Several years ago a commercial jet flying above Juneau hit turbulence so severe it knocked the aircraft on its side.
"It was bumped up so the wings were vertical instead of horizontal," said Al Yates, of the National Center for Atmospheric Research, or NCAR. "That's pretty darn severe."
Researchers at NCAR hope to make such close calls a thing of the past with a $6.7 million appropriation recently approved by the U.S. Senate for Juneau's wind profiling project, launched in 1996 to pinpoint wind hazards bred by the area's mountainous terrain.
Although the project has given pilots a clearer picture of danger spots in Juneau's skies, the extra dollars, if approved by a conference committee, would help make the system more sophisticated, Yates said.
"The intent of the $6.7 million is to continue development of this system into a warning system," said Yates, an engineer who helps run the pilot project funded by the Federal Aviation Administration. "Right now it provides wind information only."

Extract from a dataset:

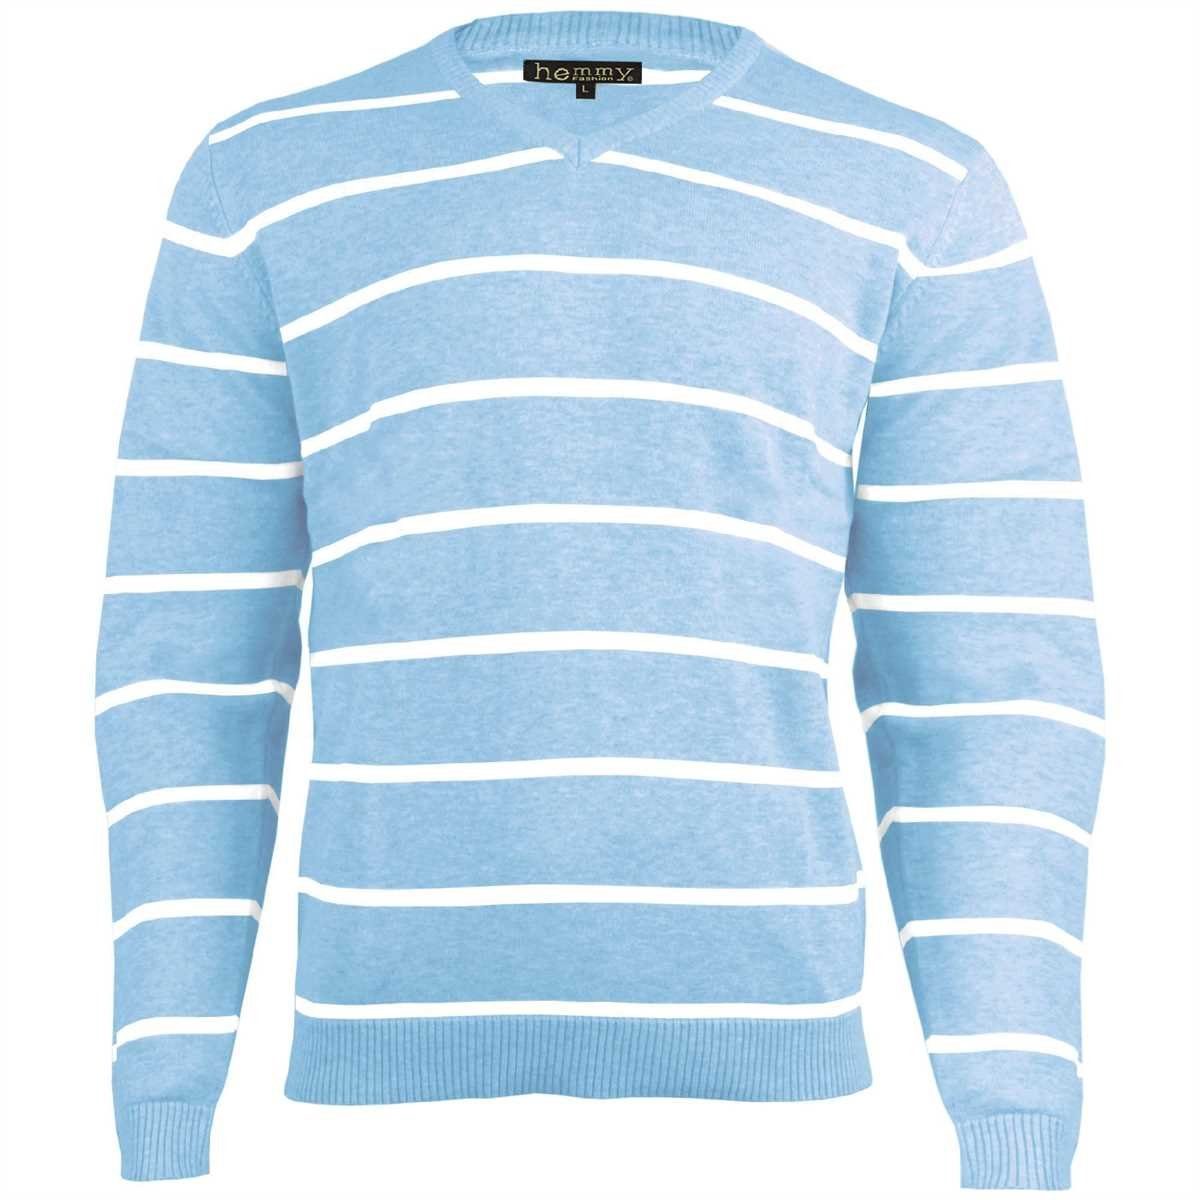 hemmy Fashion Streifenpullover Sweater Pulli Herrenpullover mit weißen  Streifen, versch. Ausführungen und Größen online kaufen | OTTO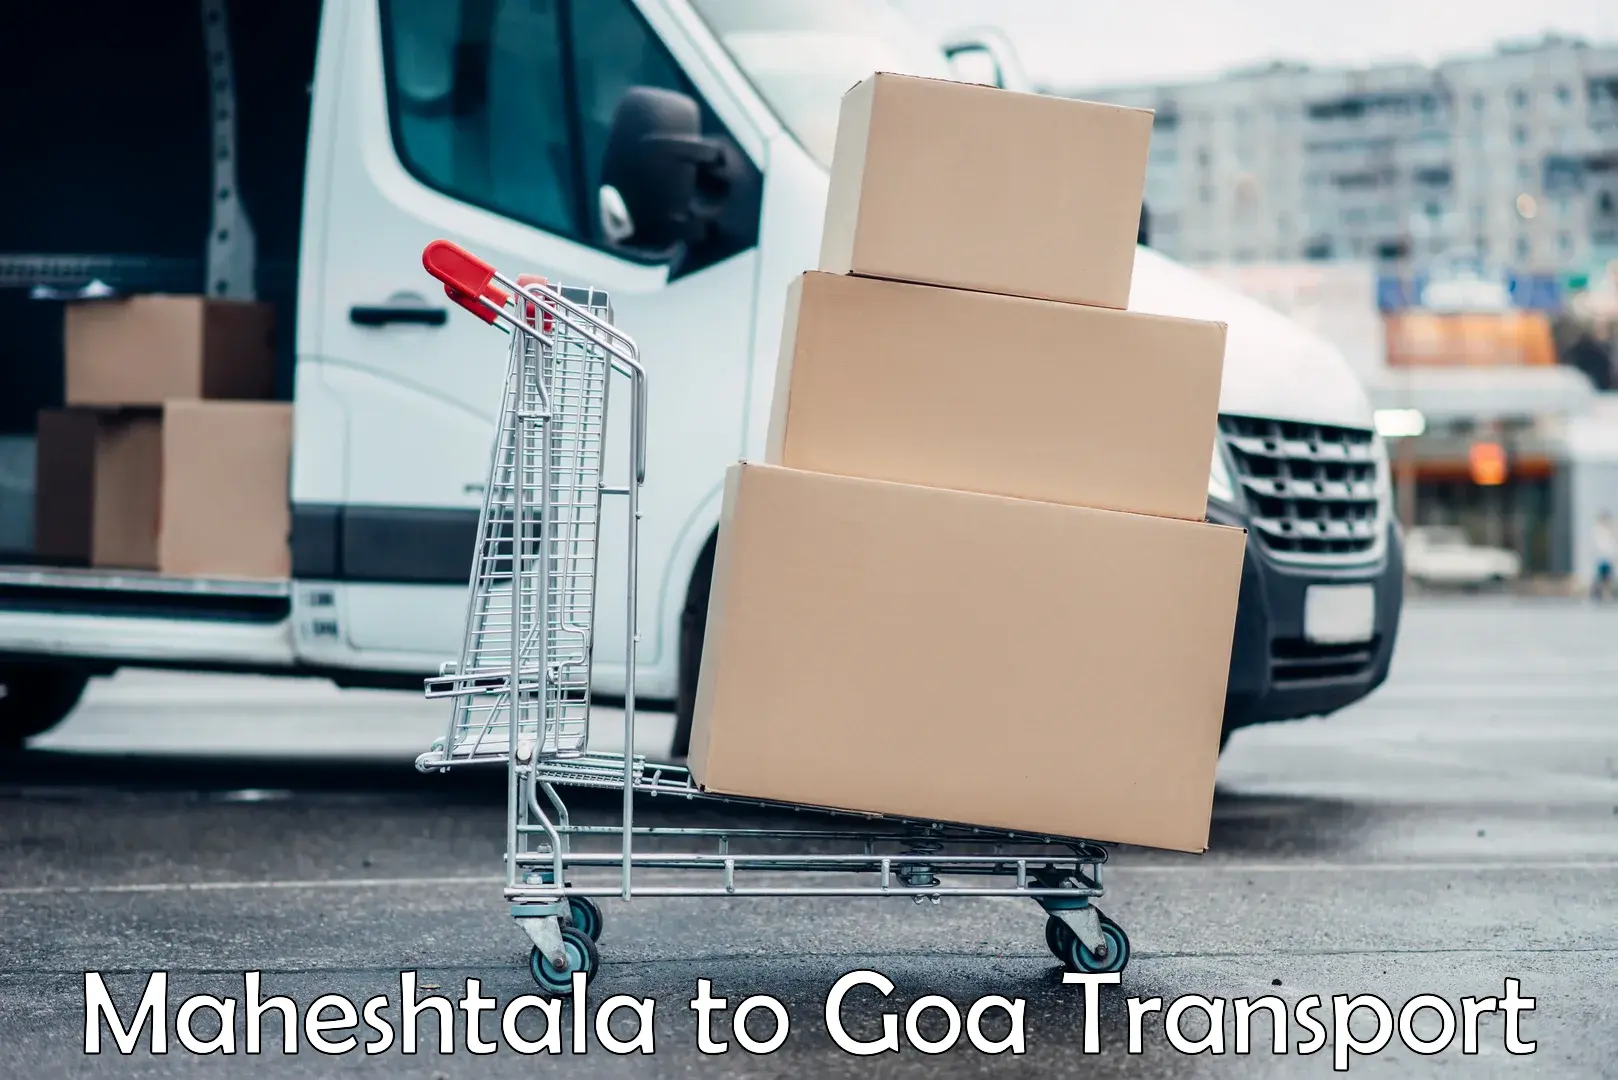 Delivery service Maheshtala to Goa

Although anemometers and other sensors in Juneau transmit vital information on wind speed and direction, it's only raw data, said Doug Wahto, a pilot for Alaska Airlines. Pilots have to analyze the numbers to determine the presence of turbulence and wind shear, potentially dangerous phenomena that can cause pilots to lose control of aircraft.
"It's basically a manual system right now," said Wahto, who has worked on the project. "It's not necessarily timely ... you need to look at every individual sensor."
Researchers want to use some of the money for computer software that would analyze the data for pilots and keep a constant vigil for trouble spots. Wahto envisions a system that would automatically detect hazardous wind conditions and sound an immediate advisory to air traffic controllers, who would relay the warning to pilots.
"That advisory could be issued by the controller himself or we could take this one step further and have it automated so it went right into the cockpit," Wahto said.
The benefit is pilots in the area would know immediately when hazards are detected, whereas pilots entering Juneau currently rely on their analysis done 10-15 minutes earlier enough time for conditions to change, he said.
The computer calculations also would be more accurate than the pilot's analysis, said NCAR's Bob Barron, manager of the project.
"We'll have a higher probability of detecting hazardous conditions and a lower false-alarm rate predicting the hazardous conditions," Barron said.
Although Juneau's turbulent skies never have brought down an airliner, the FAA in 1996 closed two departure routes for commercial jets, citing concern over turbulence and sudden wind shifts in the mountains surrounding the airport. The FAA later reopened the routes but with restrictions. Pilots use the wind data to figure out whether they can use the routes given the constraints.